In this paper, the authors consider a real scalar field theory in $d$-dimensional flat Minkowski space-time, with the action given by $$S=\int d^d\! x \left[\frac12(\partial_\mu\phi)^2-U(\phi)\right],$$ where $U(x)$ is a general self-interaction potential. Then, the authors proceed by saying that for the standard $\phi^4$ theory, the interaction potential can be written as $$U(\phi)= \frac{1}{8} \phi^2 (\phi -2)^2.$$

Why is this so? What is the significance of the cubic term present?

In this question Willie Wong answered by setting $\psi = \phi - 1$, why is that? Or why is this a gauge transformation? Does anyone have better argument to understand the interection potential?

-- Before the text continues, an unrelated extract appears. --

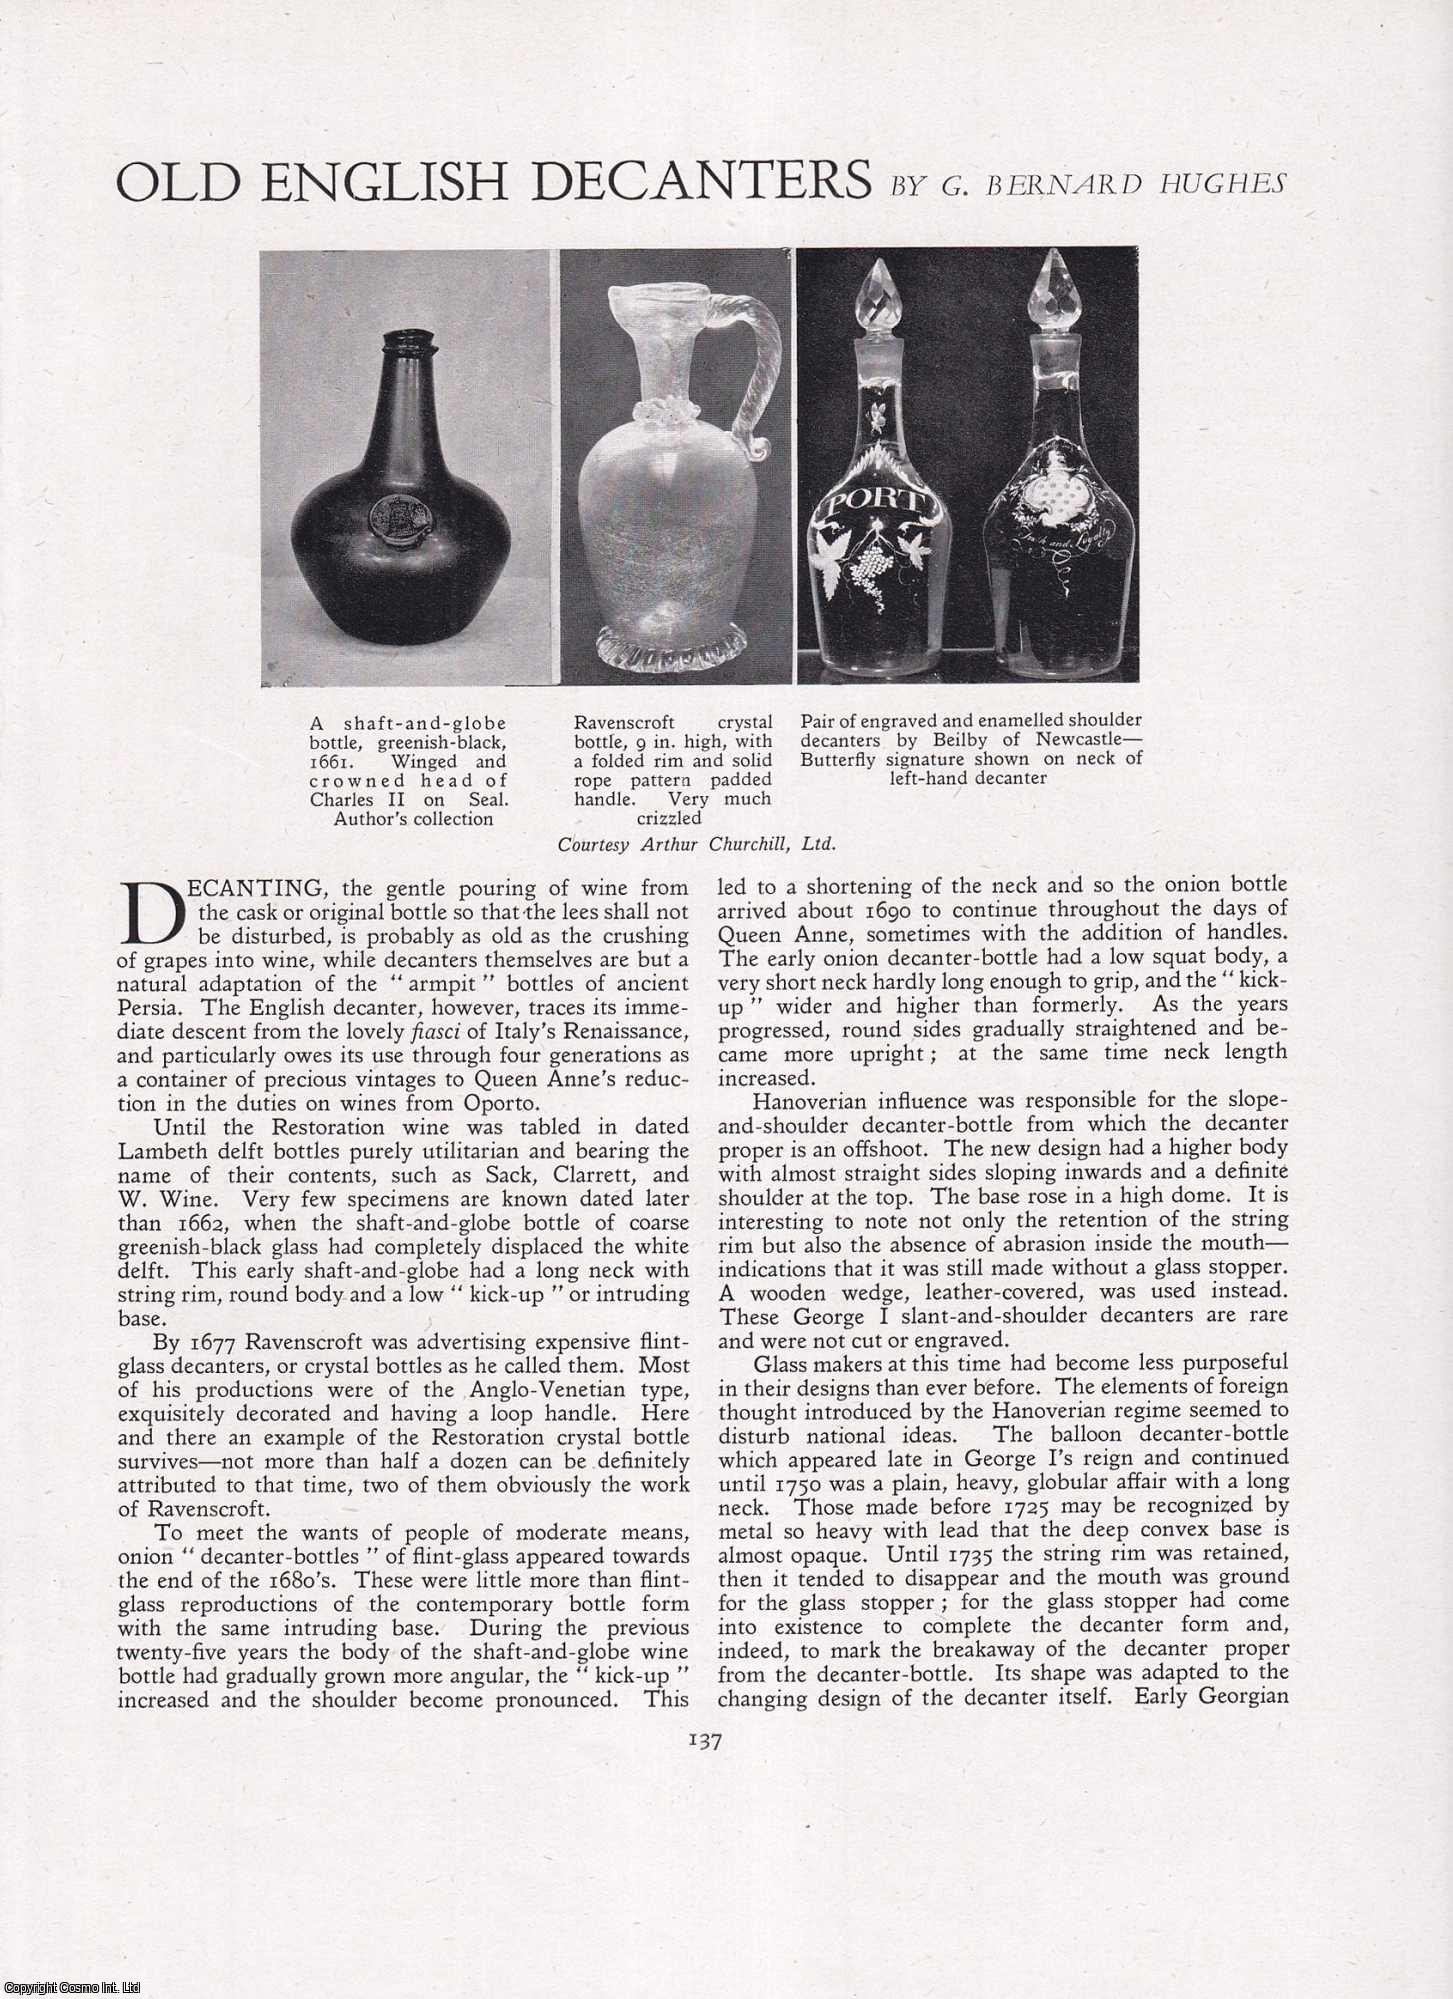 G. Bernard Hughes - Old English Decanters. An original article from Apollo, International Magazine of the Arts, 1943.
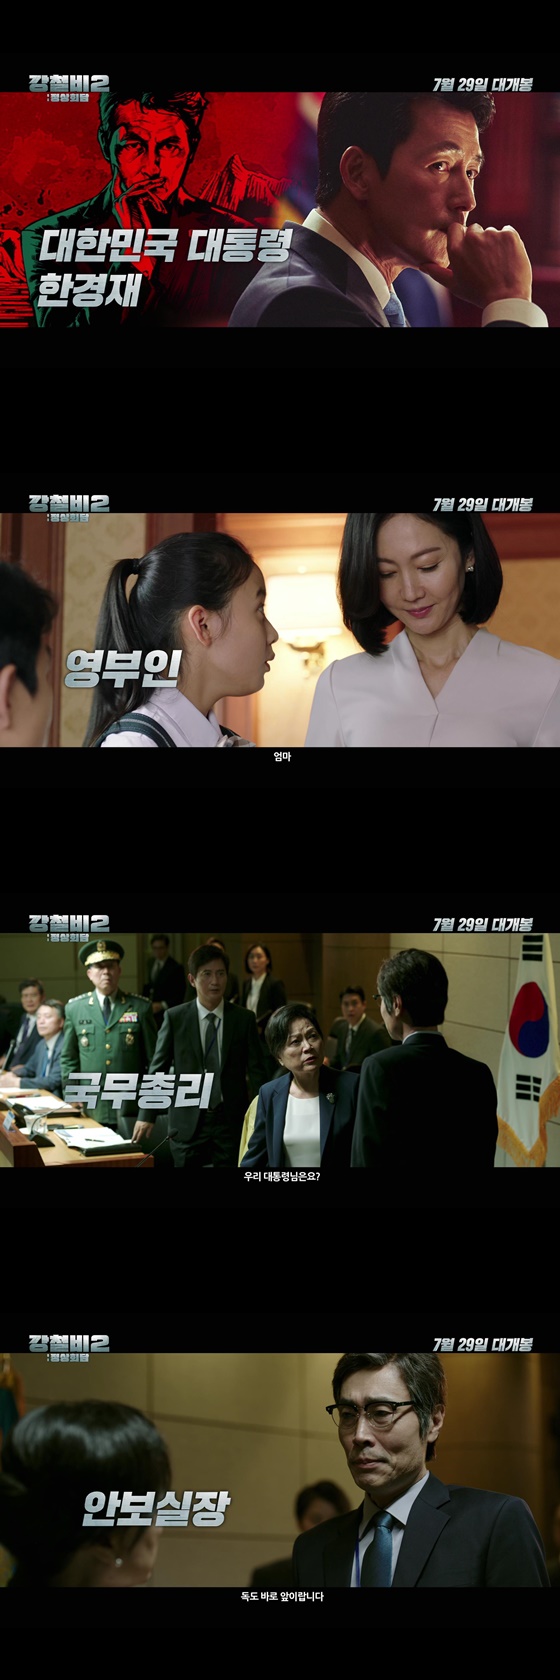 On the 13th, Lotte Entertainment released a character trailer for Steel Rain 2: Summit.The movie Steel Rain 2: Summit depicts the crisis just before the war that takes place after the three leaders were kidnapped by the nuclear submarines of the North during the North and South American Summit.President South Korea (Jung Woo-sung) is a petty husband who shares his troubles with his daughter and a normal father who is almost deprived of his allowance before being the supreme leader of a Europe, and shares his drink with the first lady (Yeom Jung-ah), and can be seen as the most comfortable and human charm when he is with his family.On the other hand, I feel sad that I can not do anything as President of South Korea, a division party, like the ambassador I have been invited to this peace talks but we have no place to sign, but the fact that I am in a hurry to narrow the gap between the two leaders of North Korea and the US,At the time of efforts to establish a peace regime in Korean Peninsula, South Korea will be trapped in North Nuclear submarines along with the North and the US leaders.South Koreas Prime Minister (Kim Yong-rim), the Security Chief (Lee Jae-yong) and the Minister of National Defense (the Guide) are the first to take care of the presidents safety and respond quickly, showing the solid South Koreas inner workings even in the absence of the president and raising expectations that it will add to the vitality of the drama.On the other hand, Kwak Do-won, who played the chief of the escort who caused the coup, thought that the North would live only by continuing the alliance with China, saying, Our Democratic Peoples Republic of Korea is reforming and opening up wrong, and Europe is ruined. He expressed the patriotism and beliefs of North Korean hardliners convincingly with his heavy acting.Here, the appearance of the North Korean chief strategist Baek Doo-ho (Sin Jung-geun) and the captain (Ryu Soo-young) in the submarine battle stimulates curiosity about what they will do between the leaders of the South, North and the US and the escort general, who are confined to the North Nuclear submarines.Finally, Smoot (Angus McFadden) is a United States of America president from a businessman whose priority is to return home with the North Korean nuclear program with the aim of making United States of America great again.The United States of America President Smoot, who is trapped in a narrow captains room but does not hesitate to speak to North Korean soldiers who threaten him with a self-centered attitude, American First, is curious with a variety of tensions and comics.Also, the appearance of United States of America Vice President (Christine Dalton) and United States of America Secretary of State (Colby French) who are the first to check emerging powerhouse China and do not hesitate to launch ICBM (Intercontinental Ballistic Missile) in the face of the kidnapping of South, North and US clean-up images is the issue of Korean Peninsula, It is predicted that it will spread to war that threatens peace all over the world, raising the sense of urgency.It is noteworthy that the characters will create a drama in the drama, as they have shown different interests in different ways, moving the fate of the South, the North and the U.S.Meanwhile, Steel Rain 2: Summit will be released on the 29th.

This post imported from StackExchange Physics at 2014-03-22 17:08 (UCT), posted by SE-user Unlimited Dreamer
asked Mar 1, 2013 in Theoretical Physics by Unlimited Dreamer (5 points) [ no revision ]
It's a field redefinition. You can use this $\psi$ in your calculations and if necessary switch back to $\phi$ in the end, if you need to. In other words, knowing the correlation functions $\langle \phi(x_1) \dotsm \phi(x_n) \rangle$ is completely equivalent to knowing $\langle \psi(x_1) \dotsm \psi(x_n) \rangle$.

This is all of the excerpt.